Between shows and spectacles we wandered around – plastic scenes of Jesus’ life and work were spread over the place. But there was a wailing wall, a Mosque and homages to Gandhi, Mother Theresa and Martin Luther as well. It was like a outdoors waxwork museum, only shoddier. The figures – men and women in flowing robes, donkeys, cows and rabbits – were all hollow apart from the few real workers who were dressed just like the figures though some had added a Yasser Arafat Arab scarf. There was even a real Jesus with long straight hair who fell on his knees in front of the crowds and blessed the poor.

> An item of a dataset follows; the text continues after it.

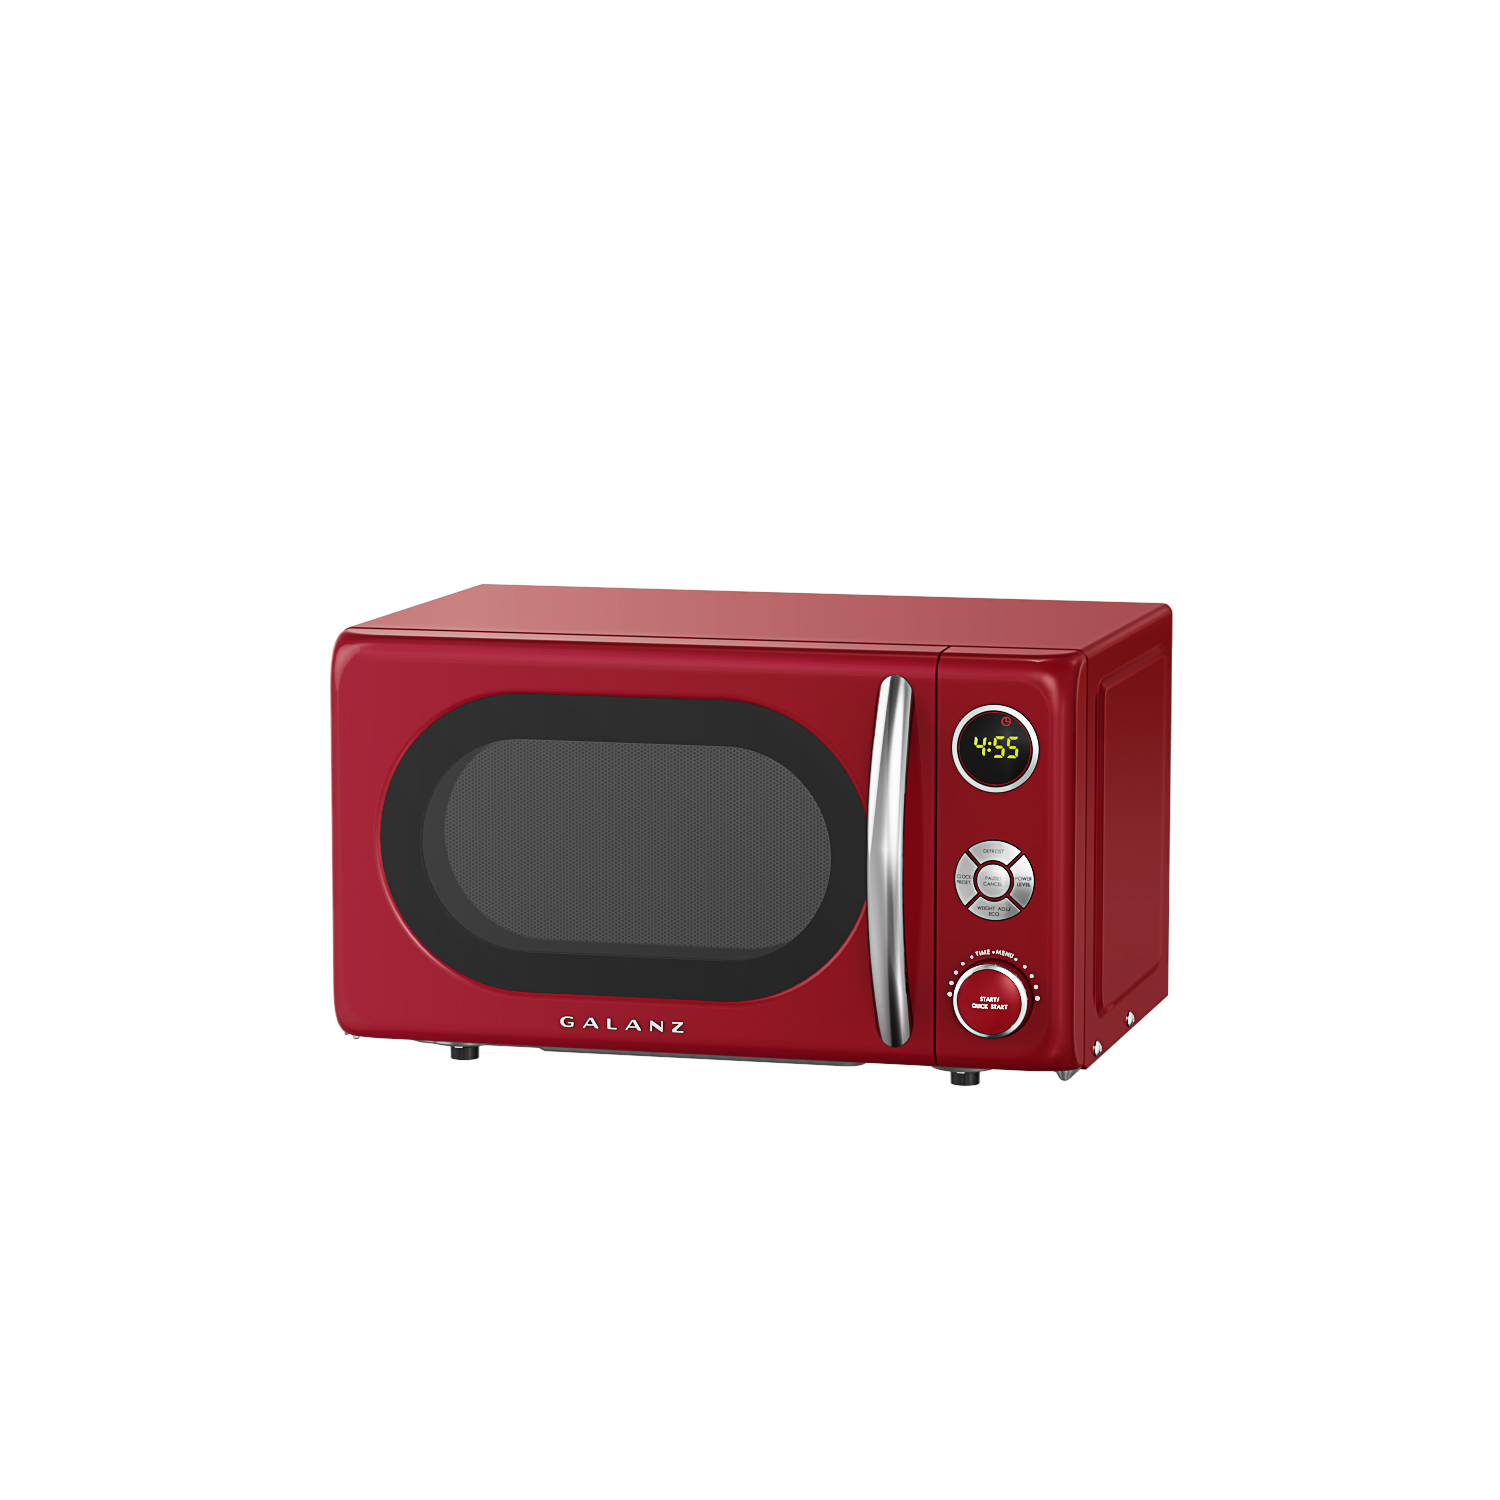 GLCMKA07BKR-07 Retro Microwave – Galanz – Thoughtful Engineering

No stone was left unturned in the quest to entertain religiously. You could have your photo taken in the 3-d version of a seaside cardboard cut-out, as a cruel Jesus killing soldier, a serving maid or (strangely, since there seem to be no black people in Argentina) an African merchant. There was a food court, of course, with not very biblical hot dog stands and a Middle Eastern place serving falafel and tabbouleh and Greek salad. A potter threw pots on a wheel and there were several souvenir stalls with nasty Christian tat. It was a right Roman muddle.
Afterwards we crossed the busy road in front of the park to the edge of the Rio Plata. On a warm Sunday evening there were families strolling along the promenade and the heady smell of meat grilling in one of many little food stands. There was a long pier over the water with fishermen dangling their lines into the murky brown water. I asked one whether you could eat the fish caught. Yes he replied – for us this is a sport but for others it’s a necessity.
Back to the real earth from the ‘sacred’ with a bump.